The judgments of conviction of the nine appellants must be reversed and a new trial ordered for the following reasons: (1) the proof of voice identification was inadequate to send the question to the jury, (2) the People failed to prove, prima facie, that appellants were engaged in a single conspiracy to commit the crime of book-making, (3) the People failed to prove, prima facie, that appellants, or any of them, committed the crime of book-making, and (4) there was no explanation given to the jury of the meaning of the jargon employed by the telephone conversants.
As to (1): The People’s case against the appellants rests upon the testimony of a special investigator for the District Attorney who, pursuant to the authority of two Supreme Court orders, listened in on over one hundred telephone conversations during some two weeks’ time for six hours each day and then identified the nine appellants and at least ten others, three months later, as possessing voices he had previously heard in such telephonic wire tapping. At the time he heard the voices he did not know the persons to whom any of the voices belonged except appellants Promen and Becker. While the investigator was listening in on the unfamiliar voices, he was busily making pencilled notes and attempting to record the substance of the conversations on the telephones.
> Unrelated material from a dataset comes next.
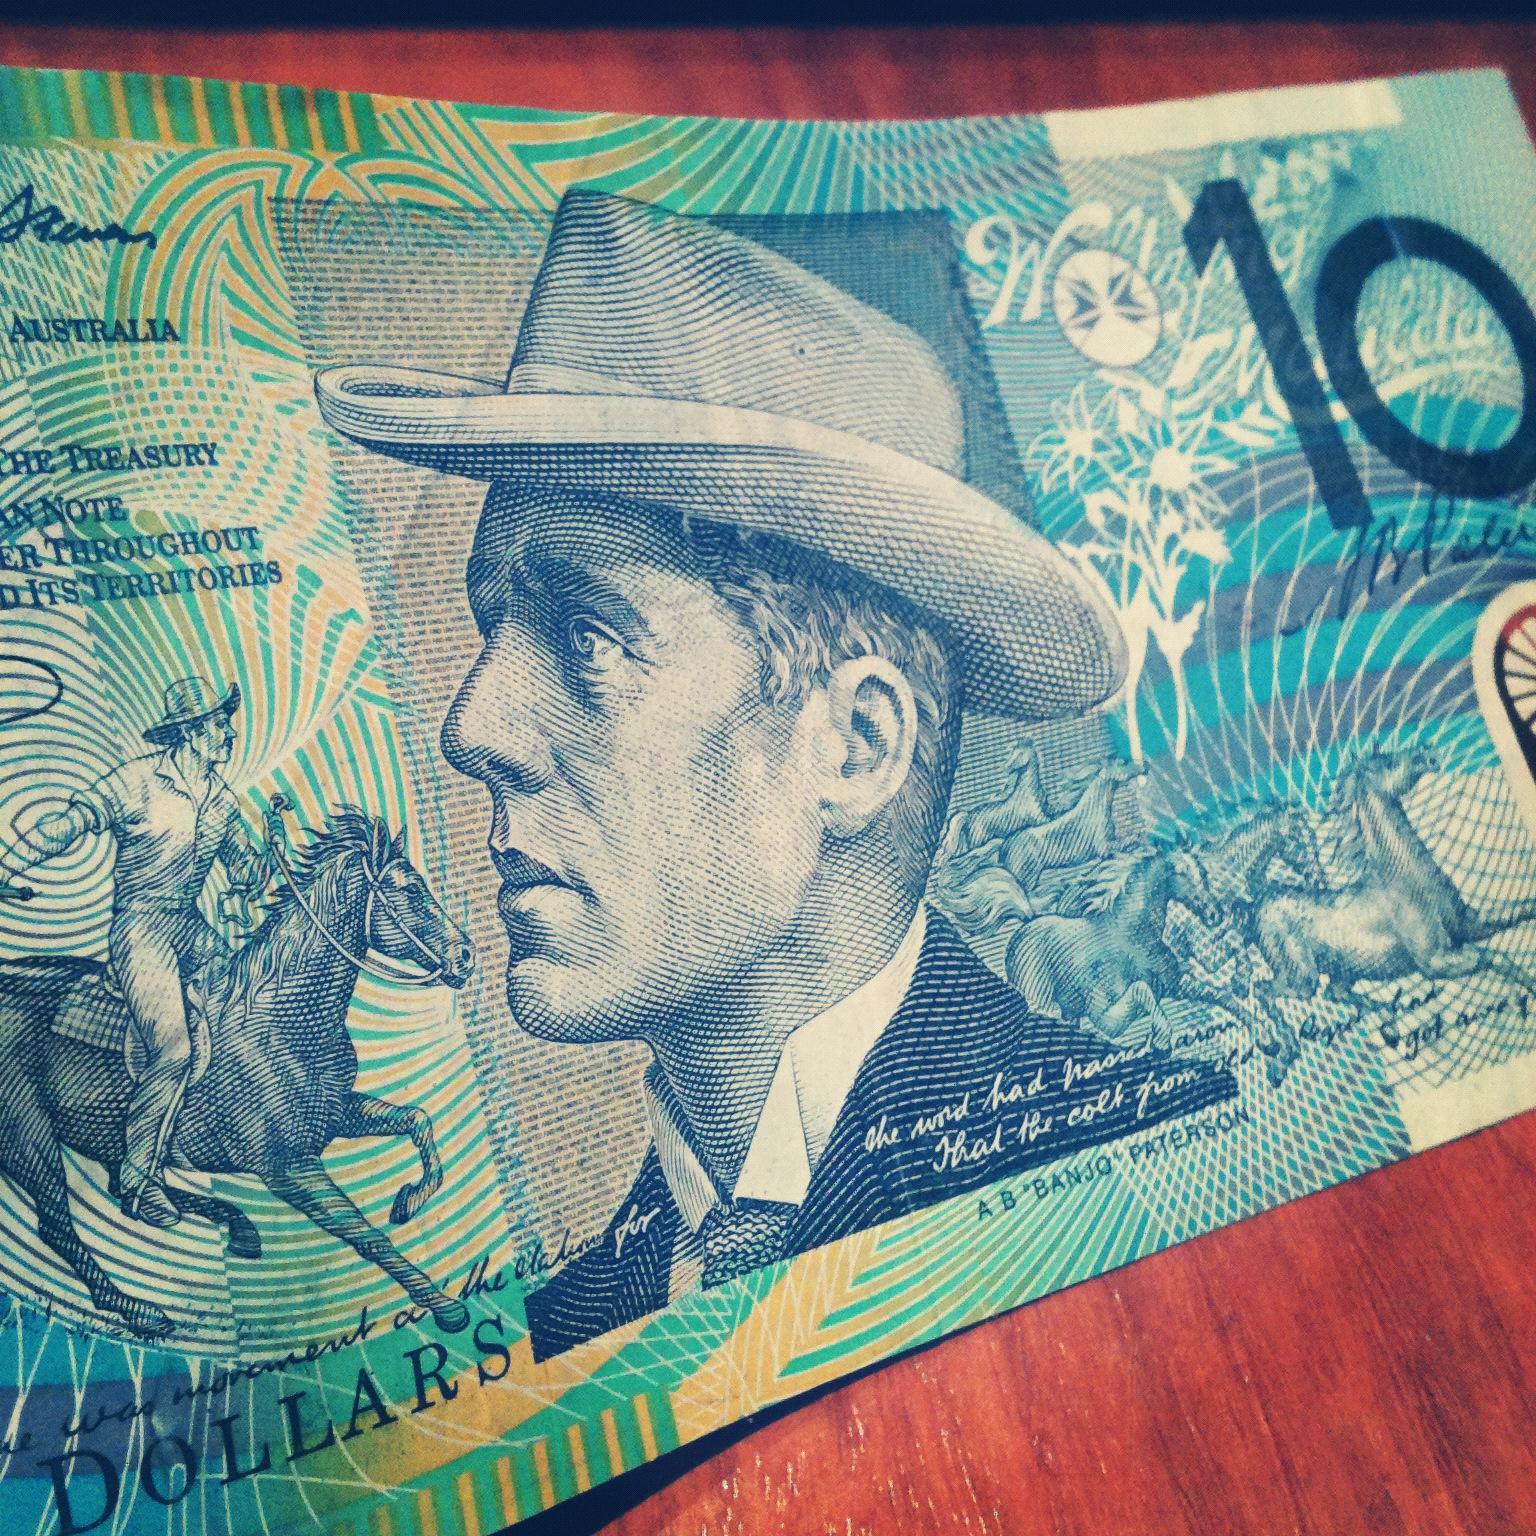 Show me the money! Photo credit: Natalie Sambhi

*650There is, in this record, no individual identification of the voices of the telephone conversants but, rather, a collective or general description. Accordingly, on the state of this record we hold, as a matter of law, that the investigator’s identification of voices he heard on the telephones as belonging to appellants falls below the standard necessary to rebut the presumption of innocence and to prove the guilt of the appellants beyond a reasonable doubt.
As to (2): The indictment charges that appellants entered into a single conspiracy to commit the crime of book-making. However, the evidence against appellants does not spell out the details of any specific or unified effort but rather a series of disconnected transactions from which, at the most, inference of several conspiracies may be drawn.
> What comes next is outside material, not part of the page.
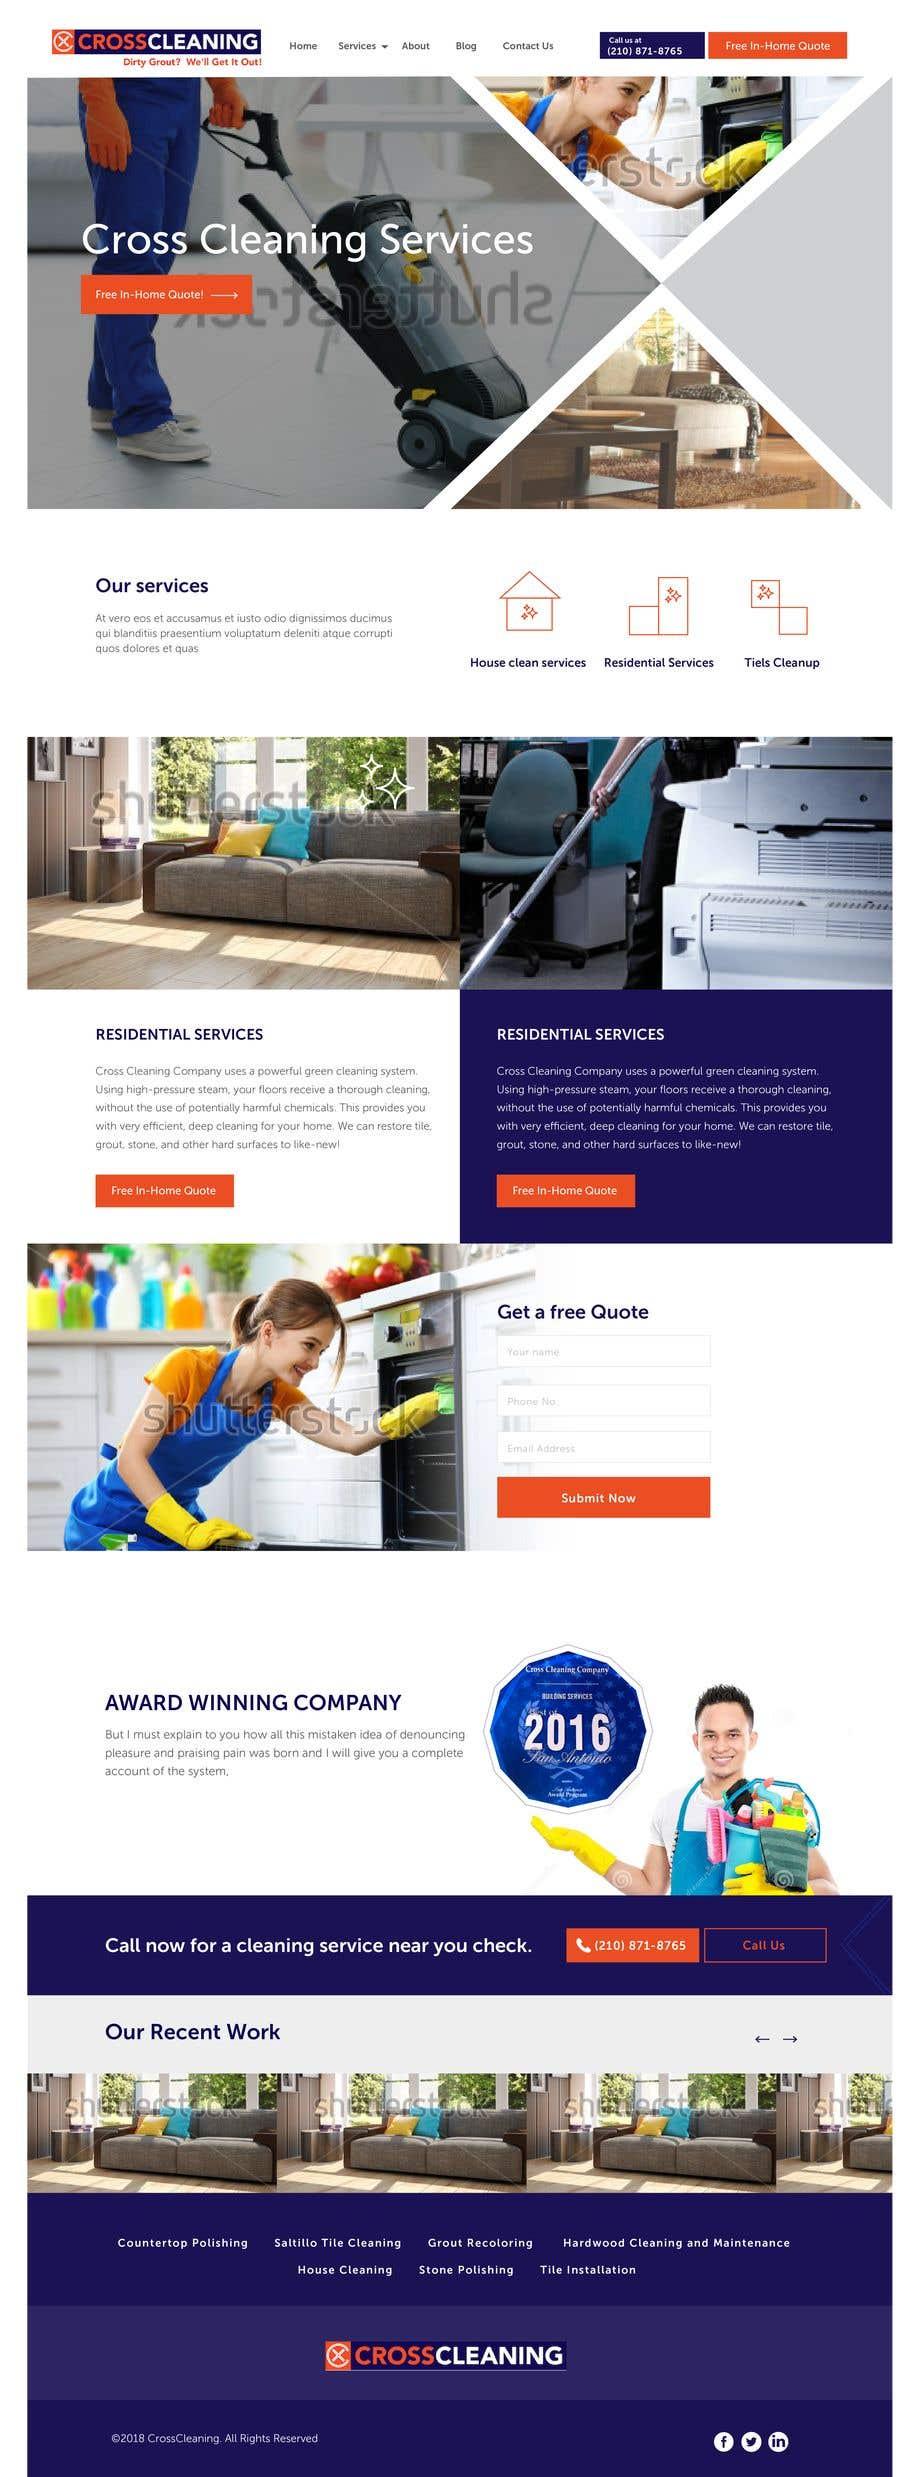 Kilpailutyö #40 kilpailussa Wow Me with Creative Redesign of Wordpress Website

As to (3): The People failed to prove the corpus delicti of the crime of book-making which is the acceptance of bets on a professional basis “ * * * upon the result of any trial or contest of skill, speed or power of endurance of man or beast * * (Penal Law, § 986.) There is no proof in this record that on the days set forth in the indictment (a) any horse races were run, (b) the names mentioned in the conversations were the names of horses, (c) any such horses were entered or ran in races on such dates, (d) any baseball games were played on the dates designated, or (e) any boxing matches were staged on such dates or that the names heard in the conversations were the names of participants who engaged in such boxing matches.
As to (4): The tapped conversations were carried on in a jargon, which the People claim is the jargon of book-makers. At no time did the People qualify an expert to explain to the court and jury the meaning of the expressions used. In the course of the trial the Presiding Justice himself remarked that the jargon ‘1 is unfamiliar to me, although the words are our English language ”. Despite this, the jury was given no explanation of the meaning of the expressions in question but was permitted to speculate as to their meaning.
The judgments should be reversed, the fines remitted and a new trial ordered.
Conway, Ch. J., Desmond, Ftjld, Froessel, Van Voorhis and Burke, JJ., concur; Dye, J., taking no part.